*by Bob Muenchen*

Analytics tools take significant effort to master, so once learned people tend to stick with them for much of their careers. This makes the tools used in academia of particular interest in the study of future trends of market share. I’ve been tracking The Popularity of Data Analysis Software regularly since 2010, and thanks to an astute reader, I now have a greatly improved estimate of Stata’s academic growth. Peter Hedström, Director of the Institute for Analytical Sociology at Linköping University, wrote to me convinced that I was underestimating Stata’s role by a wide margin, and he was right.

Two things make Stata’s popularity difficult to guage: 1) Stata means “been” in Italian, and 2) it’s a common name for the authors of scholarly papers and those they cite. Peter came up with the simple, but very effective, idea of adding Statacorp’s headquarter, College Station, Texas, to the search. That helped us find far more Stata articles while blocking the irrelevant ones. Here’s the search string we came up with:

("Stata" "College Station") OR "StataCorp" OR "Stata Corp" OR "Stata Journal" OR "Stata Press" OR "Stata command" OR "Stata module"

The blank between Stata and College Station is an implied logical “and”. This string found 20% more articles than my previous one. This success motivated me to try and improve some of my other search strings. R and SAS are both difficult to search for due to how often those letters stand for other things. I was able to improve my R search string by 15% using this:

"r-project.org" OR "R development core team" OR "lme4" OR "bioconductor" OR "RColorBrewer" OR "the R software" OR "the R project" OR "ggplot2" OR "Hmisc" OR "rcpp" OR "plyr" OR "knitr" OR "RODBC" OR "stringr" OR "mass package"

Despite hours of effort, I was unable to improve on the simple SAS search string of “SAS Institute.” Google Scholar’s logic seems to fall apart since “SAS Institute” OR “SAS procedure” finds fewer articles! If anyone can figure that out, please let me know in the comments section below. As usual, the steps I use to document all searches are detailed here.

The improved search strings have affected all the graphs in the Scholarly Articles section of The Popularity of Data Analysis Software. At the request of numerous readers, I’ve also added a log-scale plot there which shows the six most popular classic statistics packages:

If you’re interested in learning R, DataCamp.com offers my 16-hour interactive workshop,

R for SAS, SPSS and Stata Users for $25. That’s a monthly fee, but it definitely won’t take you a month to take it! For students & academics, it’s $9. I also do training on-site but I’m often booked about 8 weeks out.

I invite you to follow me on this blog and on Twitter.

It is interesting that Stata is gaining such momentum give R’s cost and unmatched power… No bias here…

Hi Onlyrey,

If you’re implying that this is biased, why not prove it with data? It’s very easy to get the data.

Cheers,

Bob

Hi Bob, n=1 says R is better AND by saying there is ‘no bias here’, I’m implying that I am biased. Therefore, there is no amunt of data that can prove wrong;) I use and like R, but on the other hand, I am also an Aggie and cheer when College Station shows up anywhere around my biased lenses.

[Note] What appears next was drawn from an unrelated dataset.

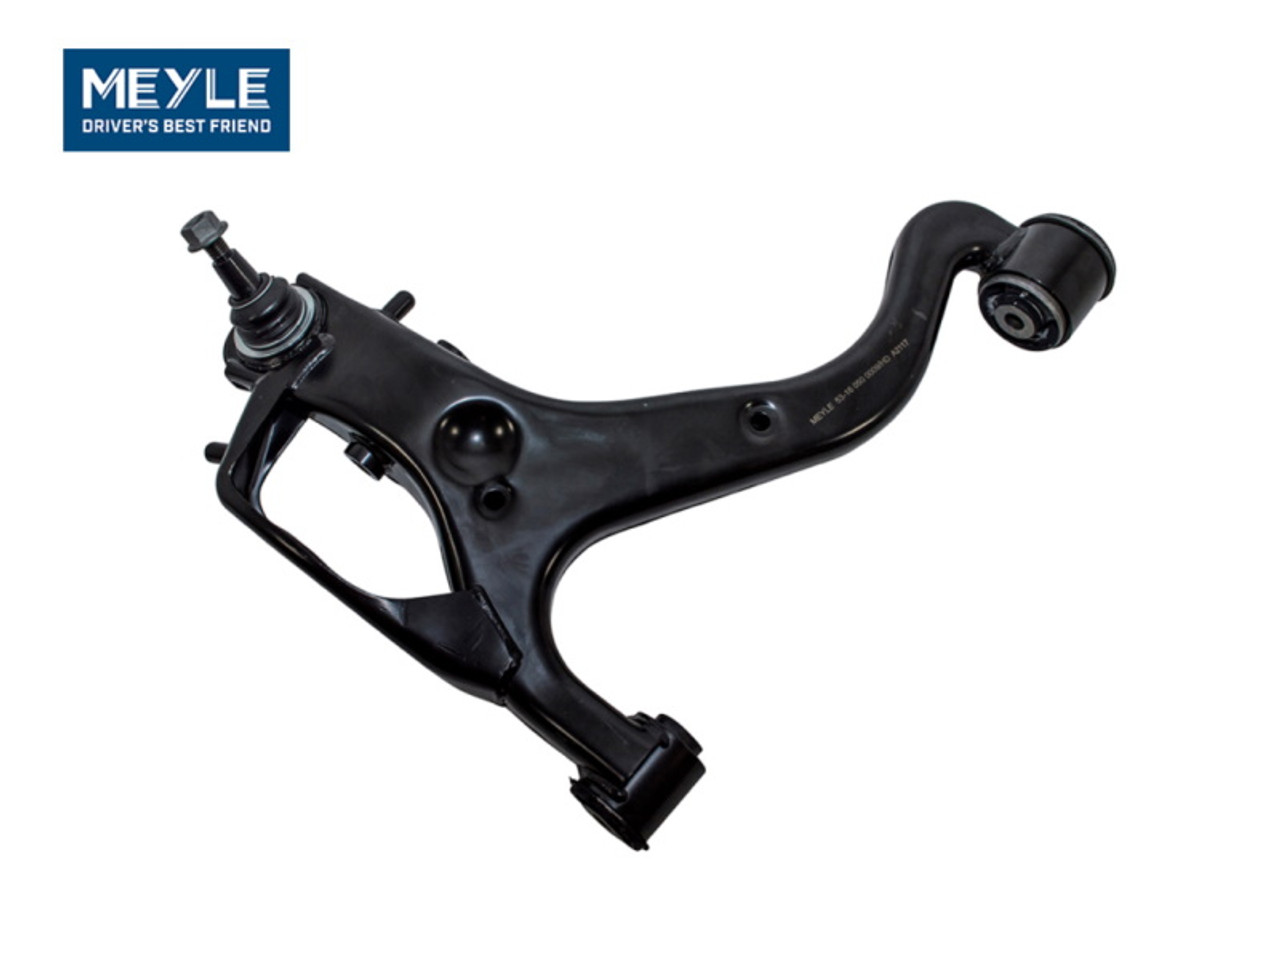 Meyle Range Rover Sport LH Heavy Duty Front Lower Arm With Air Suspension - LR029306HD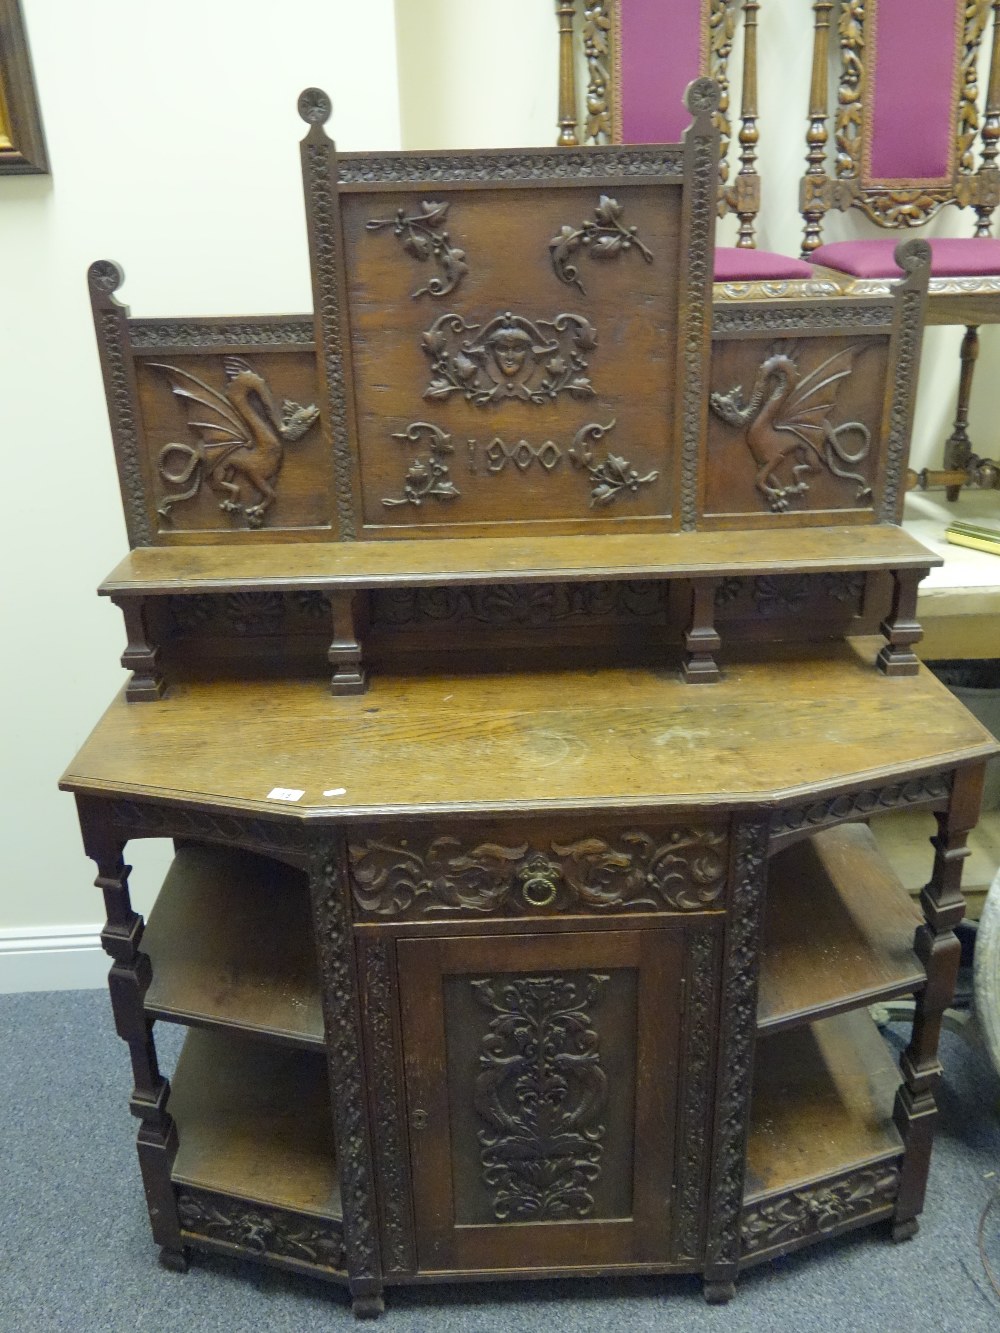 Delicate Arts & Crafts period profusely carved Chiffonier with a carved decorative back and 2 panels

Oh I get it now. I thought you were being sarcastic. I have to agree, R and Stata have so many attributes in common that with R being free, I’m totally surprised by this outcome! Two advantages contribute to this situation I think: Stata has a nice GUI that makes it approachable by occasional users, and it has none of the problems that I describe in Why R is Hard to Learn.

Most users of statistical packages don’t pay for the software, their employer does, and often at a fairly reasonable cost. So, the opportunity cost of using one package vs. another is more about the learning and user experience than the actual price. STATA has substantial penetration in certain disciplines (e.g. economics), has made substantial improvements in documentation and GUI interface over the last few years, and the switching costs are simply difficult to overcome. Also, it is unfortunately easy to pirate STATA so price really has little to do with it.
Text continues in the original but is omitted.